If you use **espeak**, the `espeak-ng` binary must be on the system.
Other phonemizers (gruut, byt5, misaki, epitran, …) might need extra python dependencies instead.

In [12]:
# Install espeak-ng (only needed if PHONEMIZER == "espeak")
if PHONEMIZER == "espeak":
    if shutil.which("espeak-ng") is None:
        if PLATFORM in ("colab", "kaggle", "paperspace"):
            subprocess.check_call(["apt-get", "install", "-y", "-qq", "espeak-ng"])
        else:
            print("⚠  espeak-ng not found. Install it manually:")
            print("   Debian/Ubuntu : sudo apt install espeak-ng")
            print("   macOS         : brew install espeak-ng")
            print("   Windows       : download from https://github.com/espeak-ng/espeak-ng/releases")
    else:
        print("espeak-ng already installed ✓")
else:
    print(f"Phonemizer '{PHONEMIZER}' does not need espeak-ng — skipping.")

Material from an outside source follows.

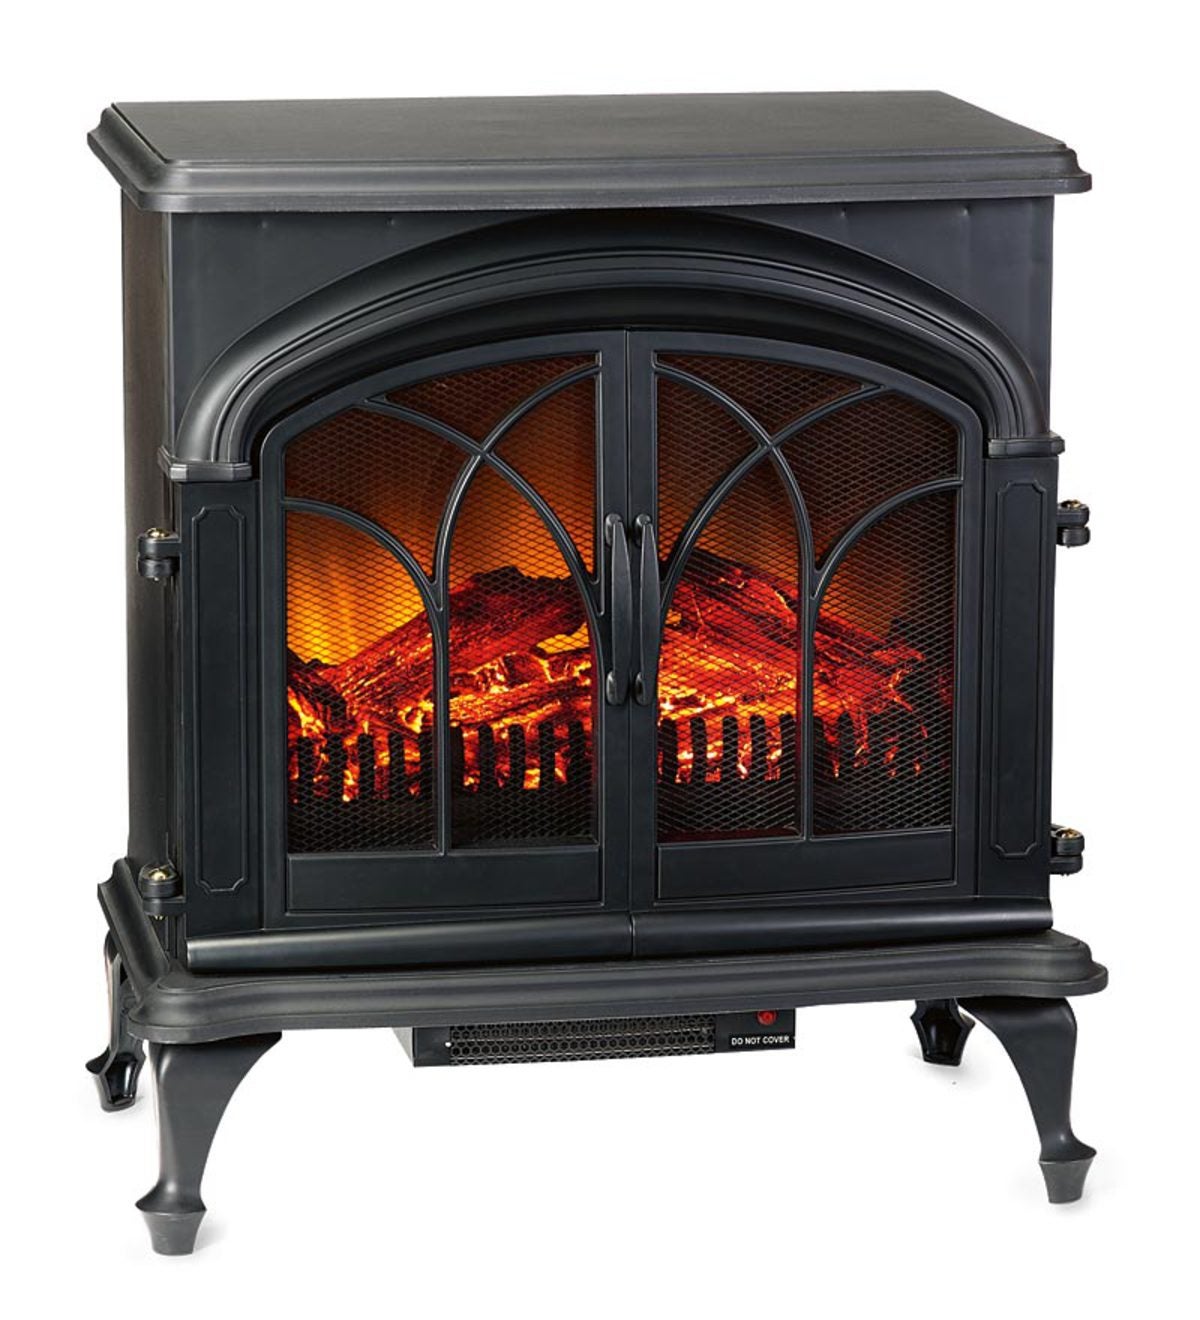 Black NETTA Electric Fireplace Stove Heater 2000W with Fire Flame Effect Freestanding Portable Electric Log Wood Burner Effect Arch Design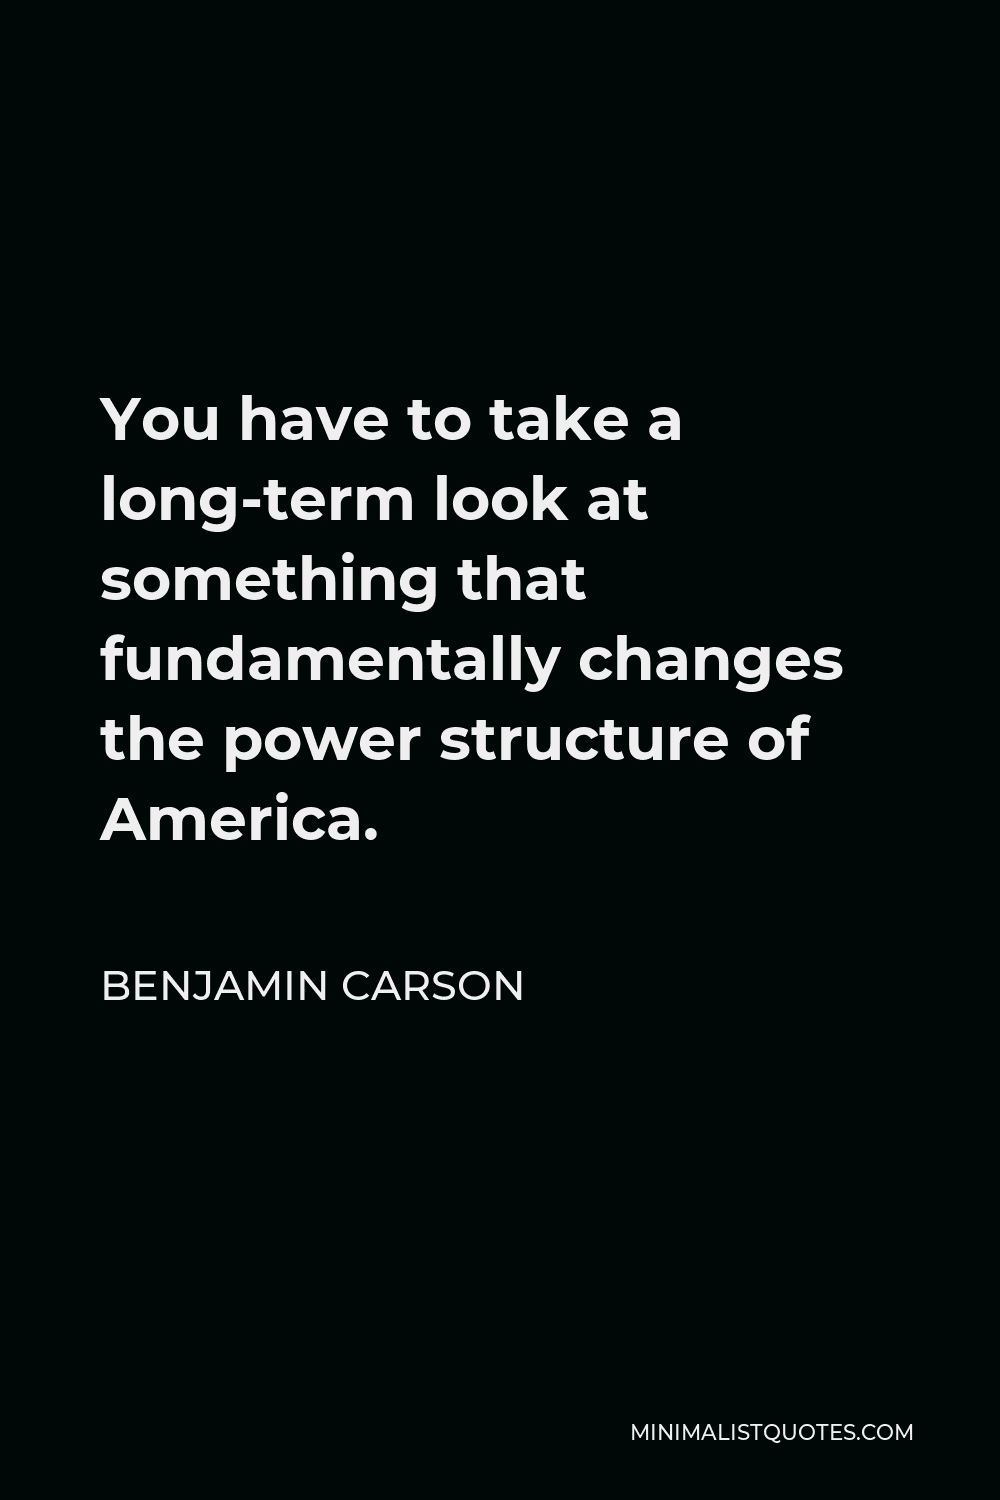 Benjamin Carson Quote - You have to take a long-term look at something that fundamentally changes the power structure of America.

espeak-ng already installed ✓


### 2.2 · Build monotonic alignment (Cython)

VITS requires a small Cython extension for monotonic alignment search.
This compiles it in-place.

In [13]:
%%time
import glob

MA_DIR = os.path.join(PHOONNX_DIR, "phoonnx_train", "vits", "monotonic_align")
MA_OUT = os.path.join(MA_DIR, "monotonic_align")
os.makedirs(MA_OUT, exist_ok=True)

env = os.environ.copy()

subprocess.check_call(["cythonize", "-i", "core.pyx"], cwd=MA_DIR, env=env)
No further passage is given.